In practice, this looks a little something like this!
The three rules of tidy data.
Remember, that in a data frame a column corresponds to a vector and a row corresponds to a list.
Let's look at the cats data set we created in the data structures chapter here. Is this a tidy dataset?
> cats
name colour weight hates_mondays
1 Otis black 11 FALSE
2 Luna calico 8 FALSE
3 Puss tabby 13 FALSE
4 Garfield ginger 42 TRUE
Yes it is! We have our four variables (name, colour, weight and hates_mondays) in their own columns, our four observations (Otis, Luna, Puss and Garfield) in their own rows, and only a single value in each of our cells.

What do I do if my dataset isn't tidy? Can I still use the tidyverse?

You most certainly can! While we won't be talking about it in this class, the tidyr package exists specifically to help you transform your data from a non-tidy to a tidy format. You can read more about tidyr and how to use it here.

Setting up the tidyverse

If you haven't yet, the first thing we're going to need to do is install the tidyverse package onto our computers for R to use. To do this, we need to run:
> install.packages ("tidyverse")
R will download and install a bunch of different files for us - don't worry if this takes a little while, we're installing quite a lot of stuff here!
Once we've downloaded the package, the next thing we need to do is load it into our R environment using the library() function, like so:
> library(tidyverse)
That library function attaches the tidyverse to our R session, allowing us to use the functions it contains.

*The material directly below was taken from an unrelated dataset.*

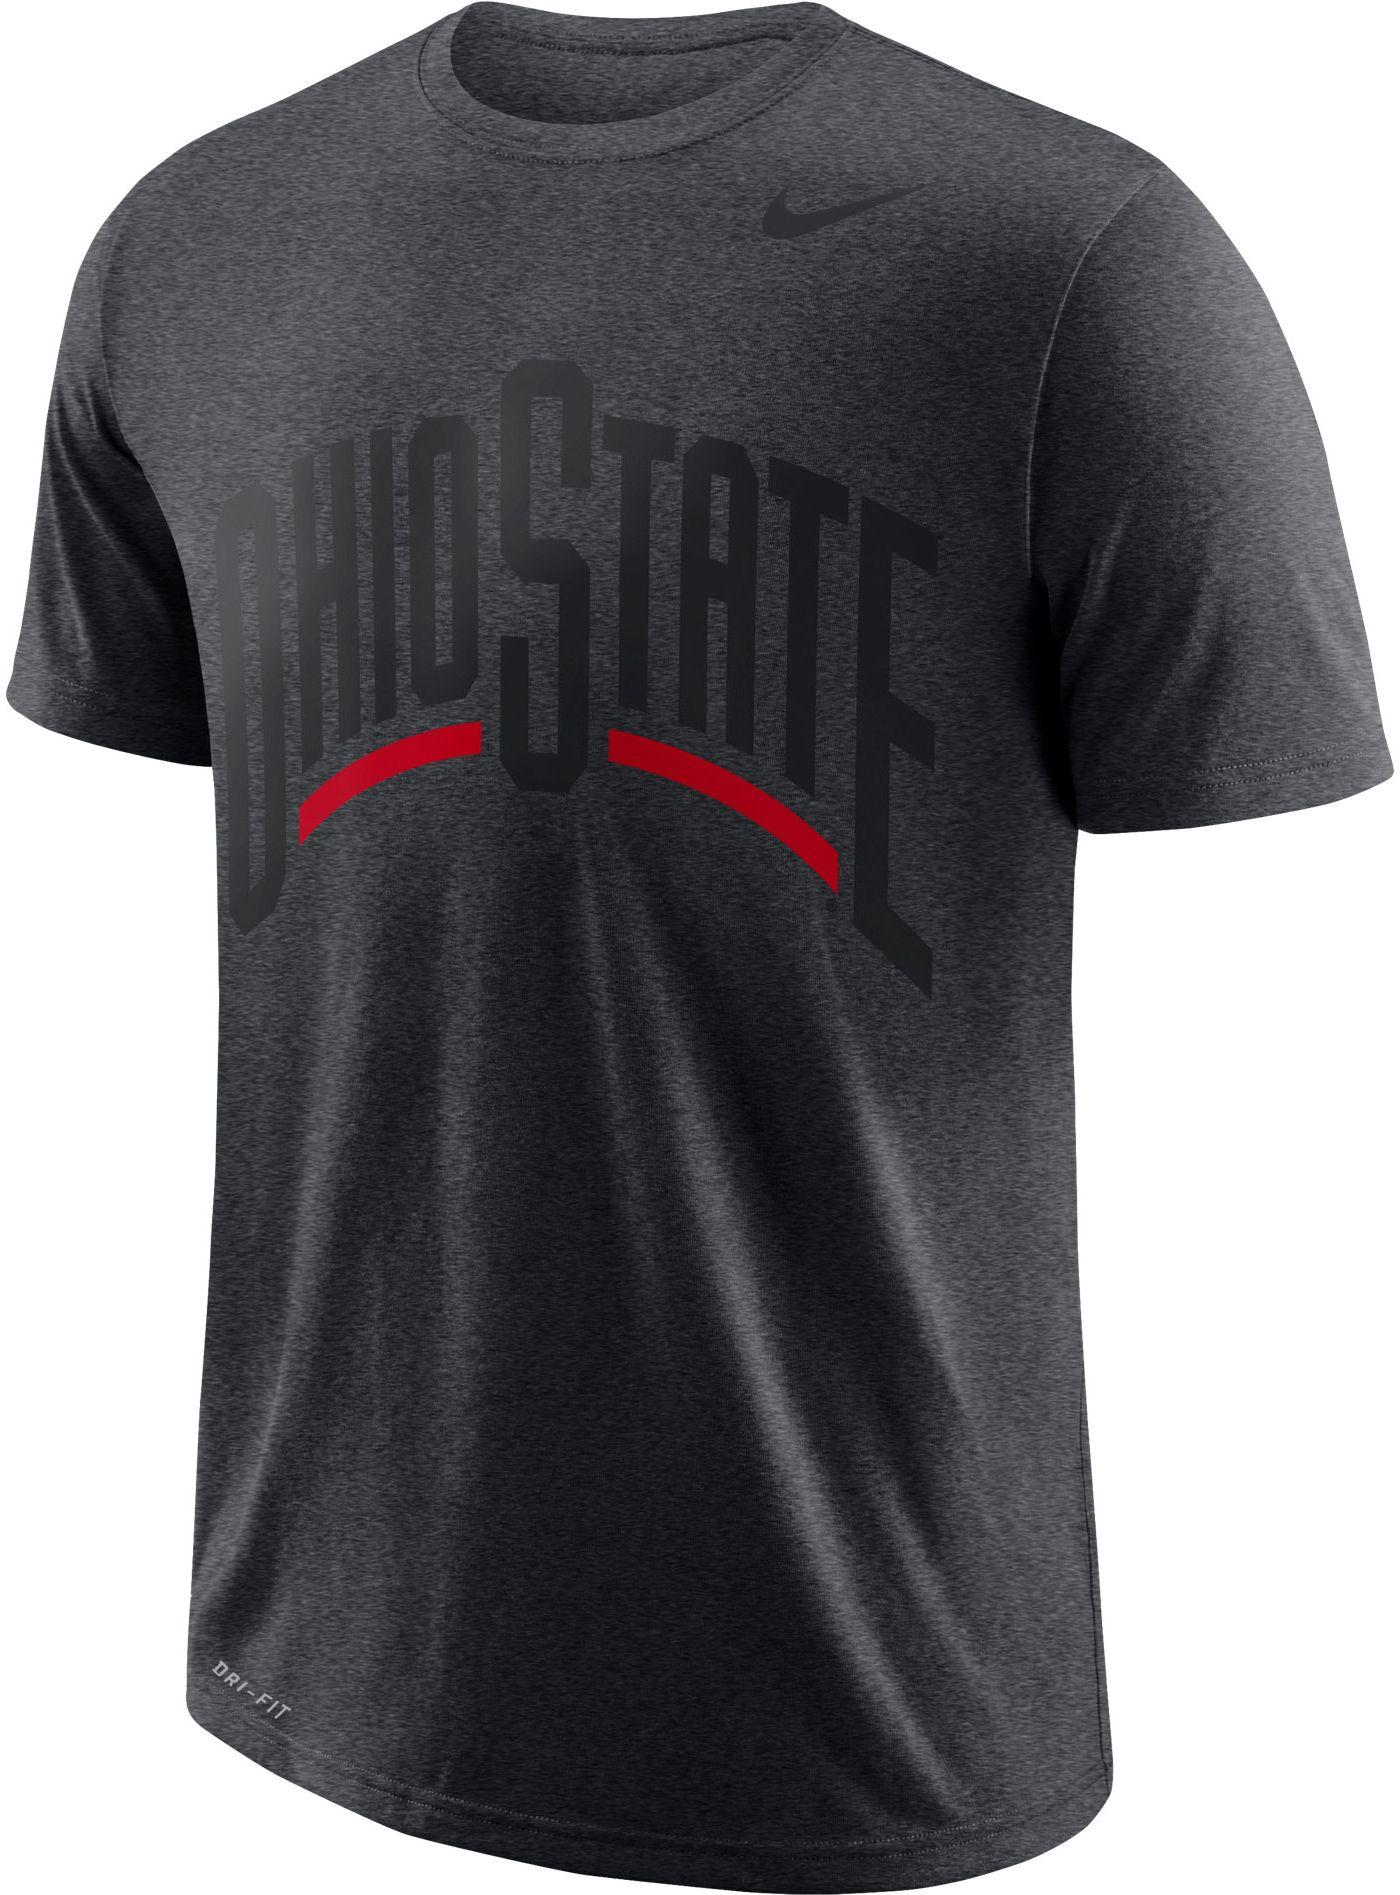 Nike Men's Ohio State Buckeyes Gray Wordmark T-Shirt

While it seems a bit redundant to need to load a package after we've already installed it, this is actually a useful safety feature to make sure we're using the functions we mean to. Note that you only need to install the tidyverse once, but you need to call the library command every time you start a new R session.
In R, function names are not unique and multiple different packages might contain functions by the same name that do different things. Loading only the packages you're using in a project helps to prevent these accidents from occurring.
Now that we've got the tidyverse up and running, let's jump in and start playing with a real world dataset!


Challenge 1

# Is this a tidy data set?
> dogs
name_birthyear name_age
1 Luke_2015 Butch_9
2 Barney_2019 Luke_6
3 Butch_2012 Barney_2
No, it is not.
1. Each variable does not have its own column.
2. Each value does not get its own cell.